Gourmet Baked Penne Pasta
- 6 tablespoons olive oil, divided
- 1 1/2 cups chopped onions
- 1 teaspoon minced garlic
- 3 (28 ounce) cans Italian plum tomatoes, drained
- 2 teaspoons dried oregano
- 1/4 cup finely chopped fresh basil (optional)
- 1 1/2 teaspoons crushed red pepper flakes
- 2 cups reduced-sodium chicken broth
- 2 1/2 cups packed grated havarti cheese
- 1/3 cup sliced black olives
- 1/3 cup grated parmesan cheese
- 1 lb penne pasta
- Heat 3 tablespoons oil in heavy Dutch oven; add onion and garlic and saute 5 minutes.
- Mix in tomatoes, oregano and red pepper flakes. Bring to a boil, breaking up tomatoes with the back of the spoon.
- Add broth and bring to a boil. Reduce heat, simmer until thickened, stirring occasionally, about 1 hour and 10 minutes.

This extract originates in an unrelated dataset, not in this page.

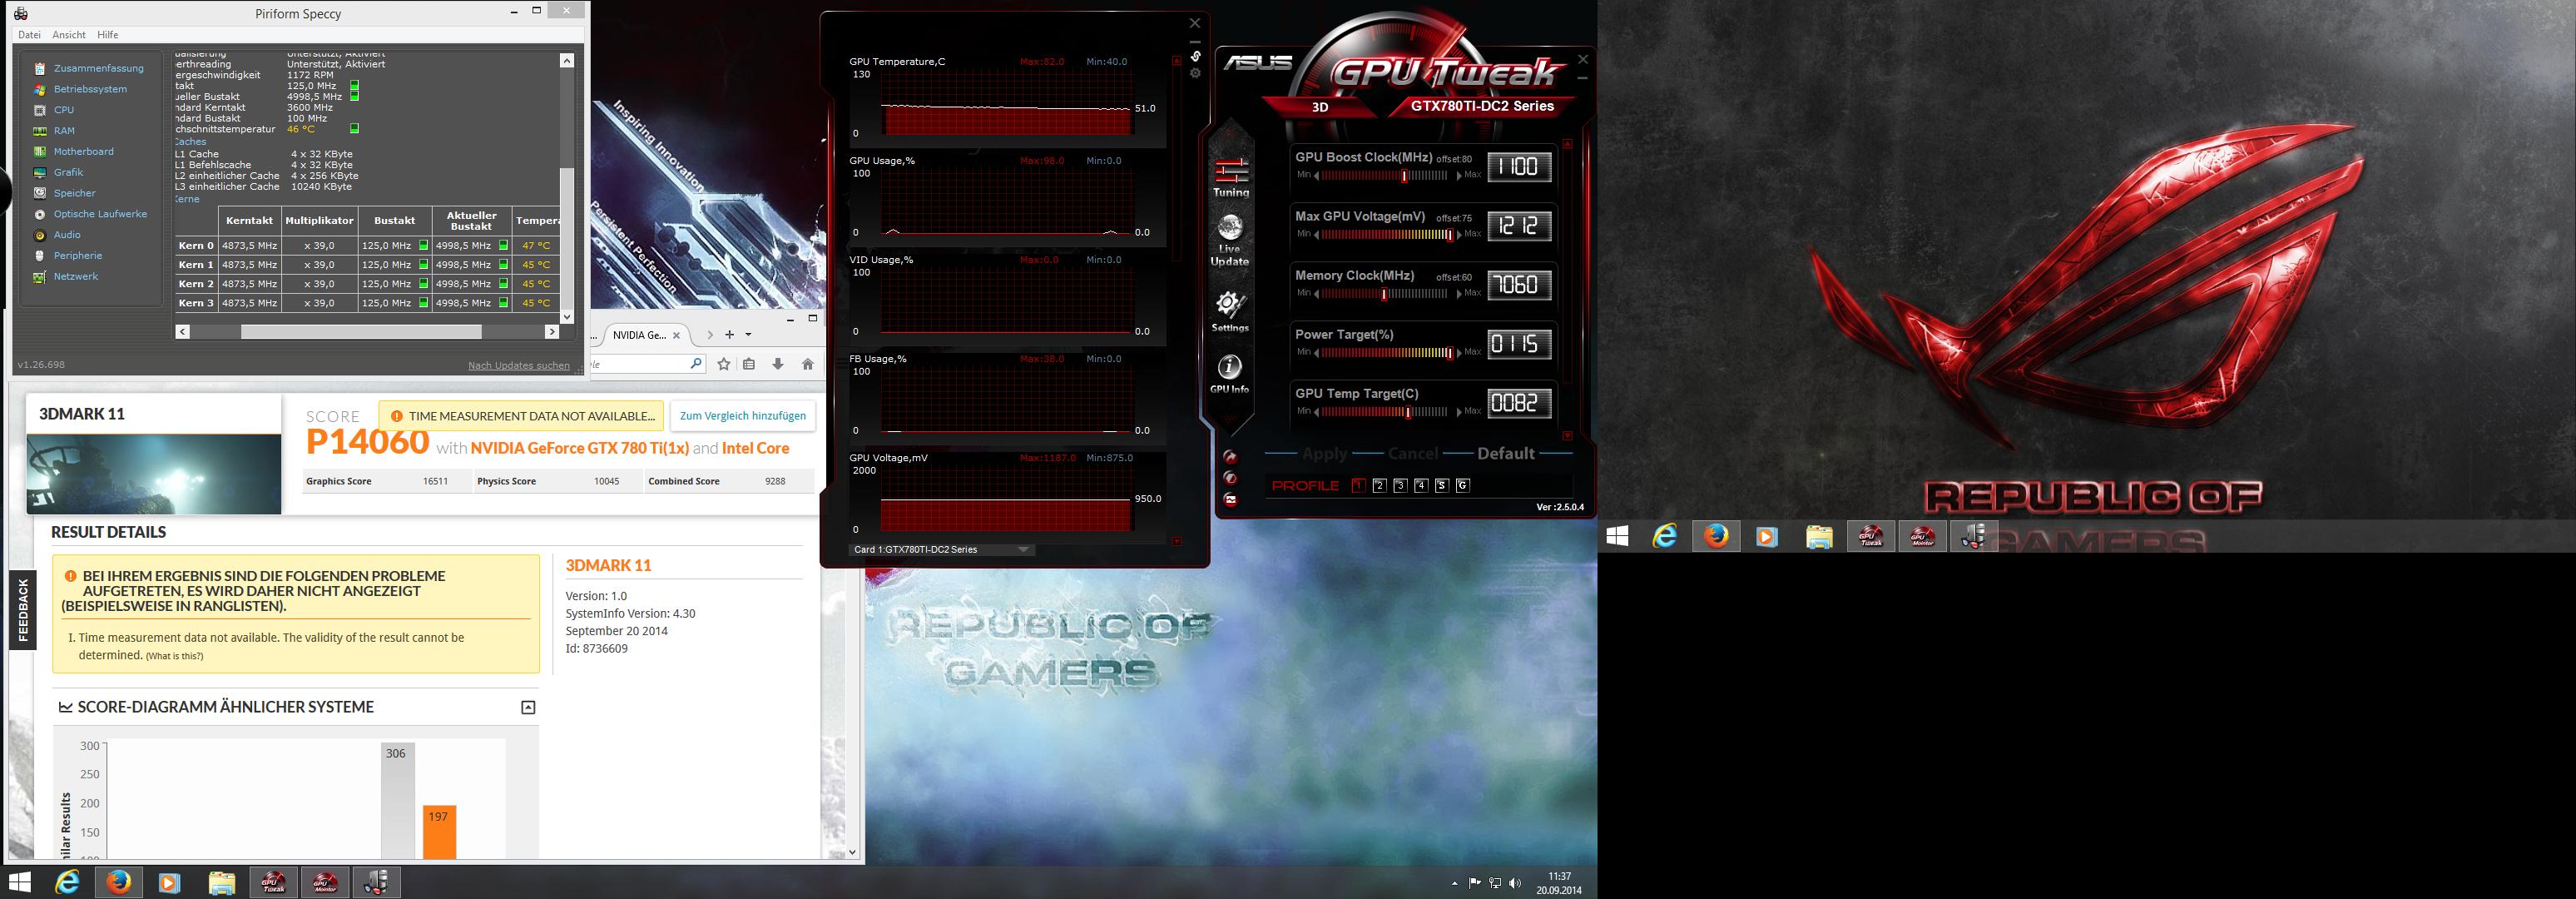 screenshot-2014-09-20-11-37-30-png.771912

- Season with salt and pepper to taste.
- Cook pasta until just tender; drain and return to same pot, toss with remaining oil.
- Pour sauce over pasta, toss to blend.
- Mix in Havarti cheese and transfer to a 13x9x3 baking dish. Sprinkle with olives, basil and Parmesan cheese.

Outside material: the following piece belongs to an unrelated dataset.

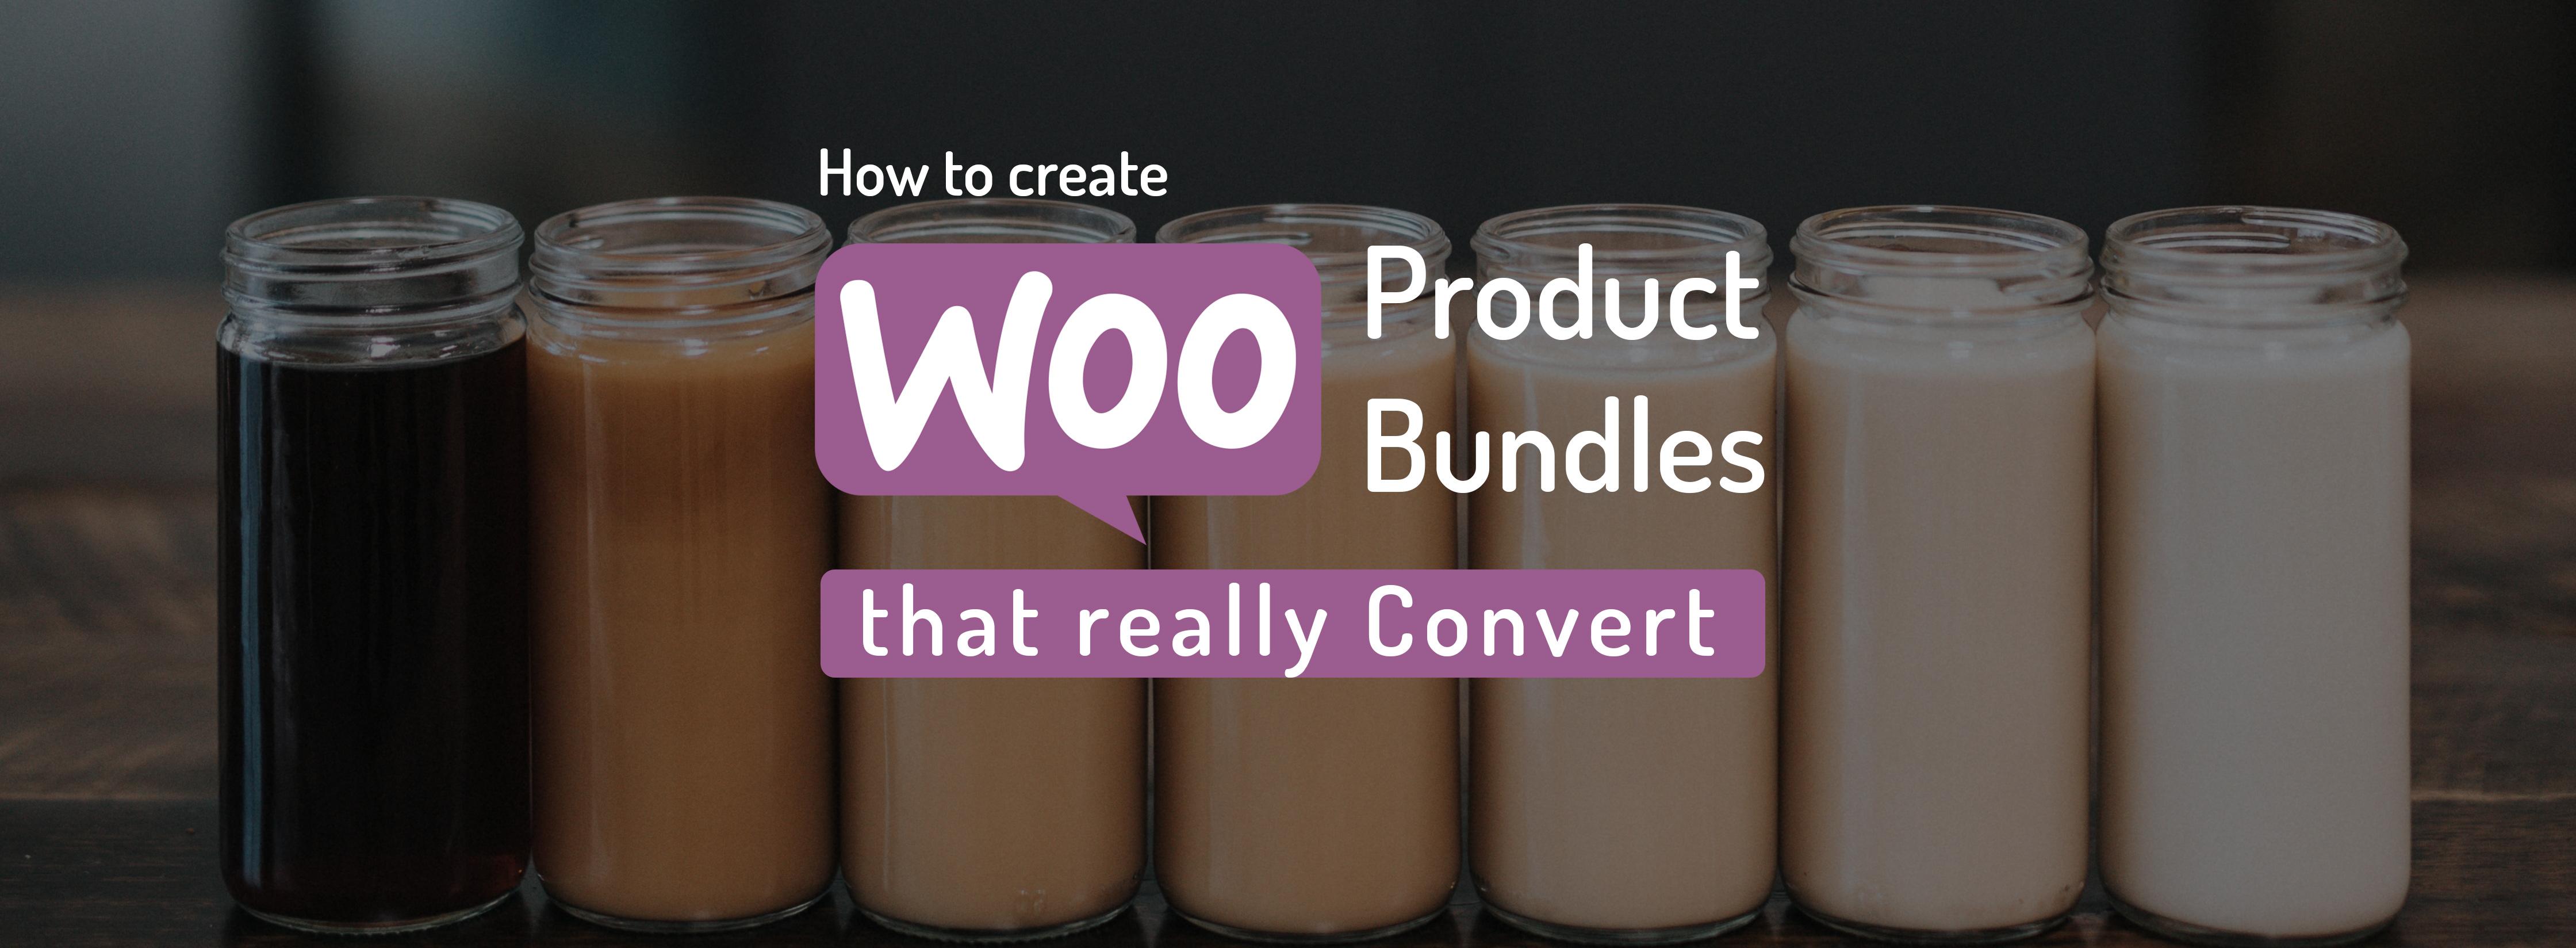 WooCommerce product bundles

- Bake 30 minutes in preheated 375 degree oven.
- Note: Can be made ahead and refrigerated. Increase baking time to 1 hour.
olive oil, onions, garlic, italian plum tomatoes, oregano, fresh basil, red pepper, chicken broth, havarti cheese, black olives, parmesan cheese, penne pasta
Taken from www.food.com/recipe/gourmet-baked-penne-pasta-243735 (may not work)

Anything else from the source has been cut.